Given that the GST is still unstable, indirect tax collections will see a shortfall and the fiscal deficit will rise by some amount beyond the February 2017 Budget target of 3.2 per cent of GDP. The government will exceed its borrowing target in 2017-18 but only by Rs 200 billion instead of the Rs 500 billion that was initially feared. The market will watch the 2018-19 Budget targets for the fiscal deficit like a hawk. That number is as critical as the growth assumptions. 

Bond-market watchers are worriedly tracking the yield curve for government bonds. The differential between short-tenure treasuries and the 10-year bond have narrowed considerably and the yields have also risen. This is a consequence of higher government borrowing which will crowd out private debt raising to some extent. But a flat yield curve is also often an early warning signal of an economic downturn though that's hard to believe. 

The entire global economy is likely to do well in 2018. China's GDP data for the last quarter shows the highest growth acceleration since 2010. That gels with higher growth across the EU, Japan and USA. The rising tide should also drive the Indian economy. It will inevitably mean tighter monetary conditions however, as the US Federal Reserve unwids its balance sheet and hikes rates while the European Central Bank and the Bank of Japan start to cut back on QE programmes.
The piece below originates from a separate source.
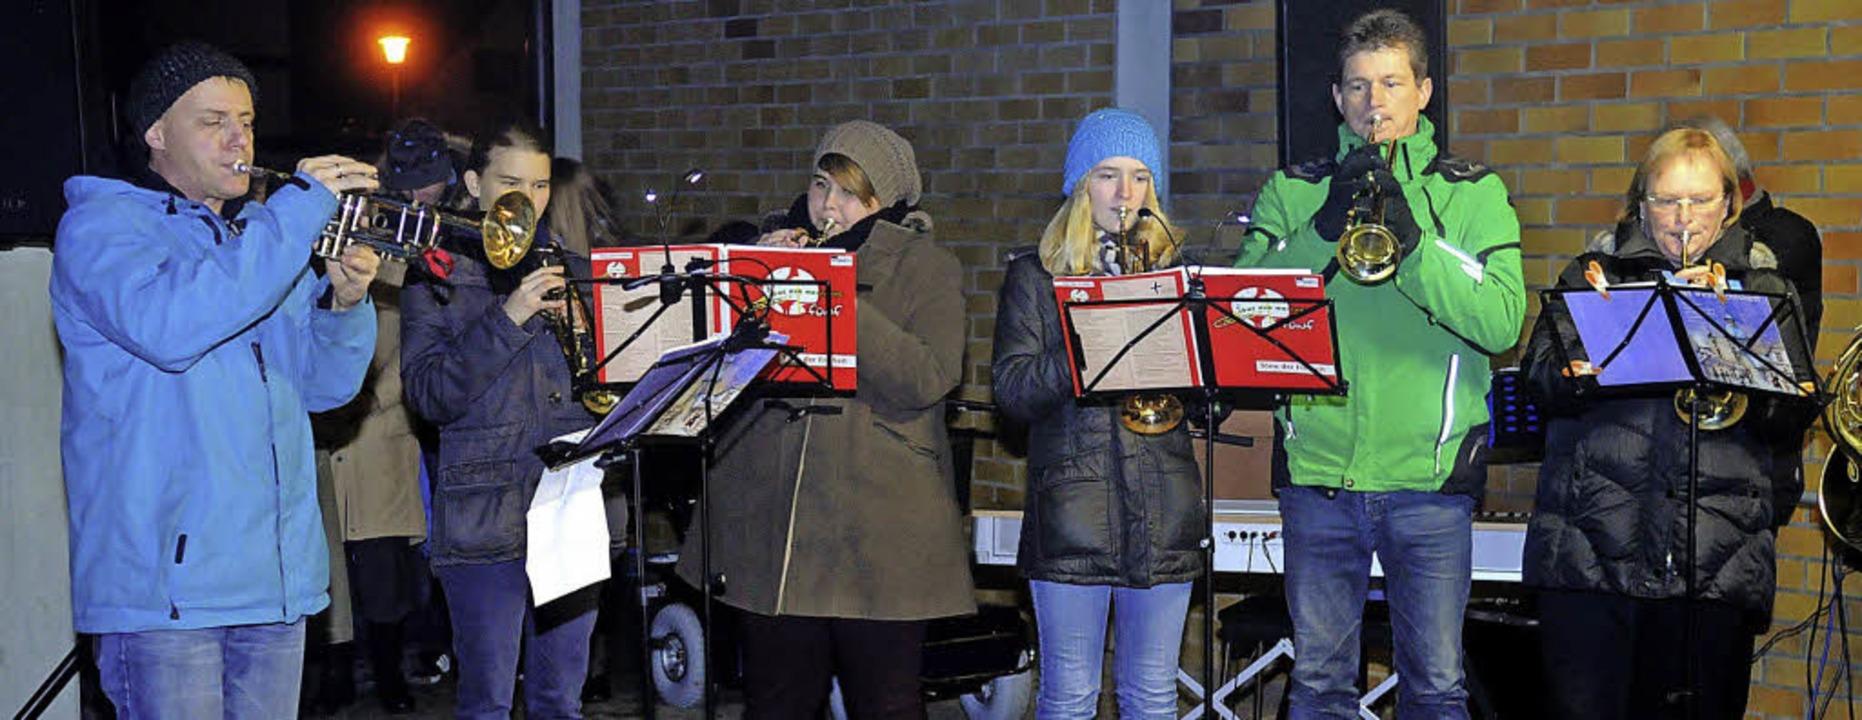 Der Posaunenchor hat das Weihnachtsmusizieren in Allmannsweier eröffnet.     Foto: Wolfgang Künstle

In fact, yields are rising across most major world currencies. The USD has also lost an enormous amount of ground in the last year.
 
This is one of those rare periods when domestic and foreign institutions as well as retail are all net bullish. As of now, good corporate results, high hopes from the Budget and strong foreign portfolio investment inflows have kept the market buzzing, with a sequence of successive record highs. The Nifty has climbed more than 4 per cent since the New Year. It’s very likely to cross 11,000 by Budget-day. Valuations are also at historically high levels. If the Budget disappoints, be braced for an equally sharp correction.